Screens

It's Sunday and I've taken a short lunch break from researching and working on a couple of essays. I made my usual lunch meal - mixed herb salad, with slices of avocado, tomato, and bites of Morning Star's buffalo style chik patty. Sometimes it is accompanied with grapefruit from my favorite, San Jacinto Farms, and other times when there's nothing else in the fridge it stands solo. Today I took my break, fixed up my heaping salad and sat down at the couch to enjoy a few moments of not studying. A few minutes passed (probably only seconds but when you're brain is unwinding it feels like forever) and I found myself scrolling through my Instagram feed, moving to open the Facebook app and realized that this was not restful nor relaxing, instead I noticed that my eyes were feeling tired and dry and that I felt more exhausted and overwhelmed.

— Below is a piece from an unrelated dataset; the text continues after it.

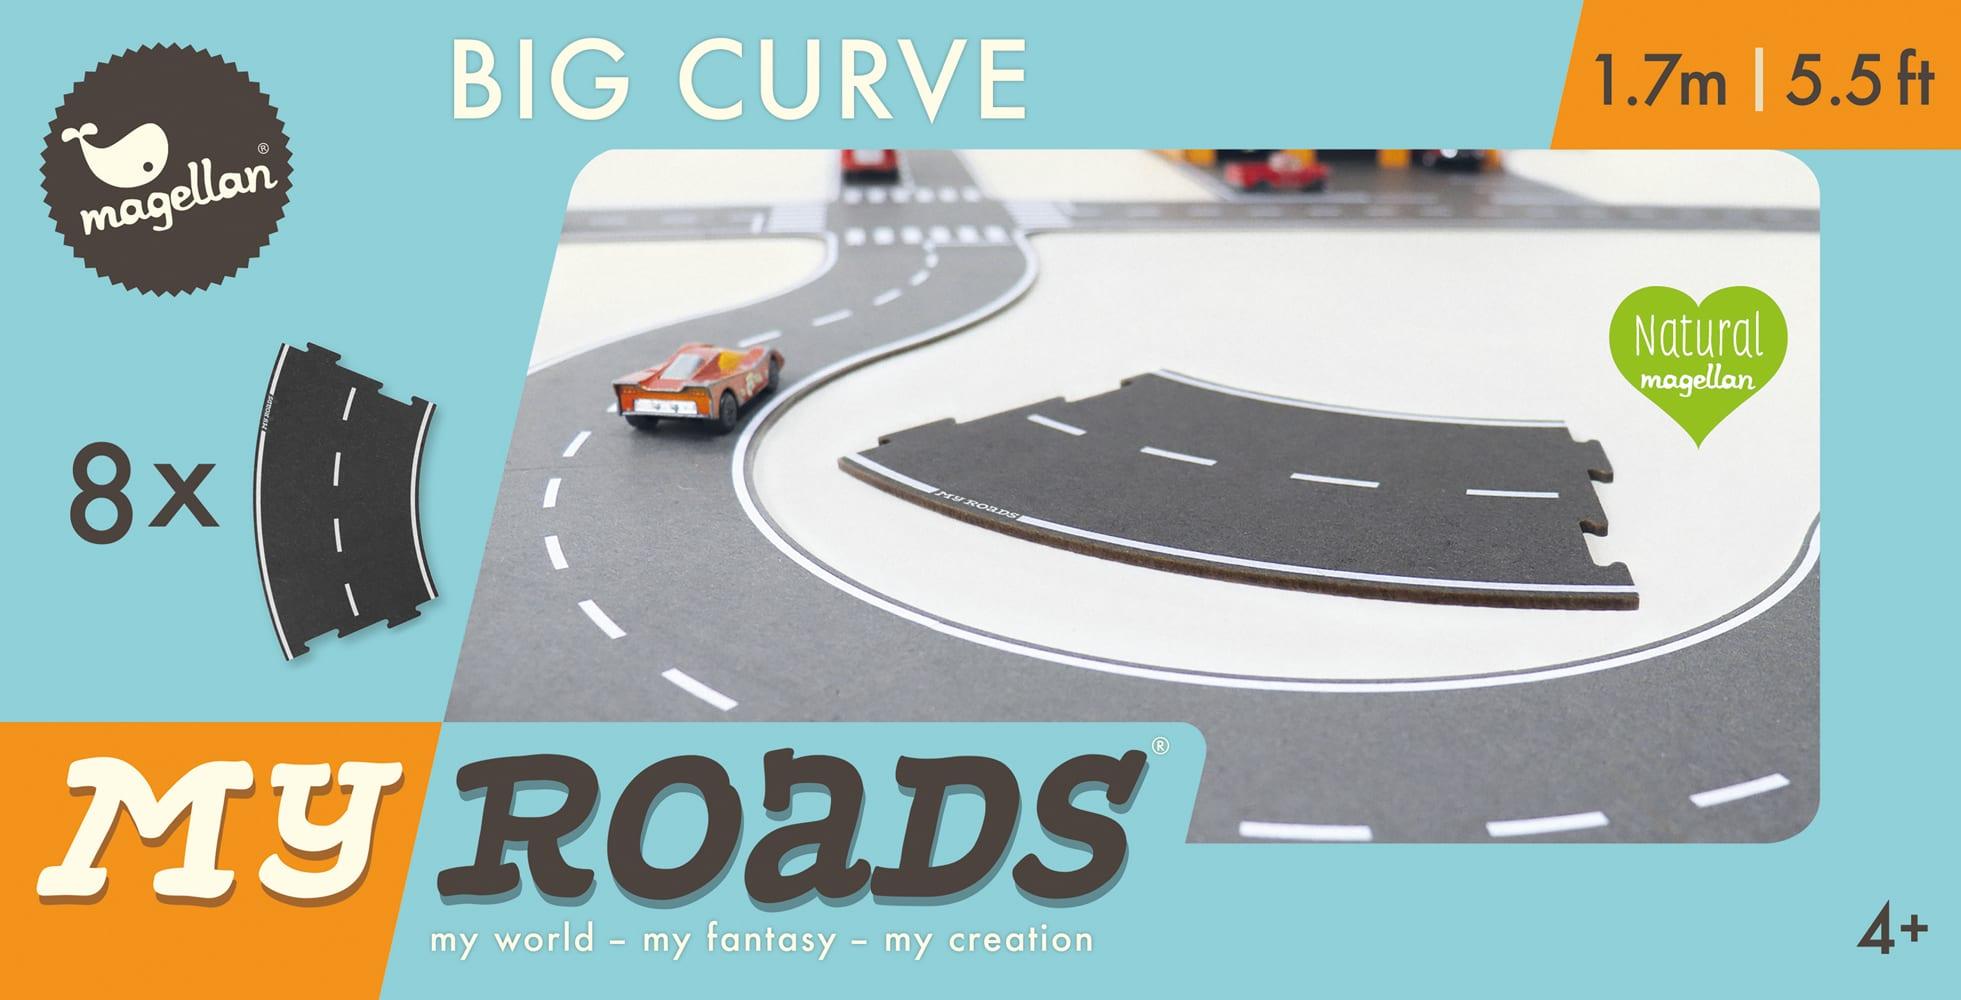 MyRoads - Big Curve

So I put my phone down and sat in the silence and crunching of my salad. It didn't take long and I was on my phone again looking for flights that I was needing to check on, but my eyes reminded me that they were tired.

So I run to my blog to write about my attachment to screens. How my eyes are always blood shot from looking at screens for research, for homework, for class, for lesson planning, for cooking, for communicating, for being informed, and for relaxing. Then I come to this place through a screen, the only place that feels safe somedays, to open up and be understood. It's become an unhealthy disorder that has gotten way out-of-hand. We weren't created to rely so heavily on these bright pixels that translate our feelings for us. 

These days I find it hard to feel satisfied or that I am satisfying to others. The translations I'm seeing on the screen are so far away they just aren't good enough. The words I write being translated for someone else to read are going to hurt their eyes too and most likely not be good enough for them either. So now I'm writing about this awful cycle that I'm feeding and I don't know how to break. 

Just this week I started a new book that my friend Sonya recommended, You and Me Forever, by Francis and Lisa Chan. I'm not far since I've been so absorbed with my screens, but in the first few pages they talk about how we as humans will never feel whole or satisfied until we realize that this world is brief, we have a mission to accomplish with only a few years to do it before eternity, then it will be over, our chance to tell the world about another way, to accept grace and receive eternal peace, love, joy, perfection. So why do we get caught up in the latest and greatest (and soon to be gone and replaced with the next latest and greatest) like a screen filling our thoughts and minds with the media that tells us we aren't enough? We are enough. If we are enough for eternity, we are enough for this short lived technology focused world. We are enough, and we have a task at hand, it's a serious task to be a good news bearer. Luckily, I don't have to do it alone, or even with a screen, because Jesus is waiting for me every morning, afternoon, and night to take my hand and lead me through this brief moment. 

My eyes are tired and blood shot, so I'm taking a break from screens only for today since there's still work to be done, and I'm going to go outside and enjoy the real deal. 

Comments

  1. I am so glad you are reading that book! I can't wait to talk with you about it. It's a game changer!! Now go rest those eyes!!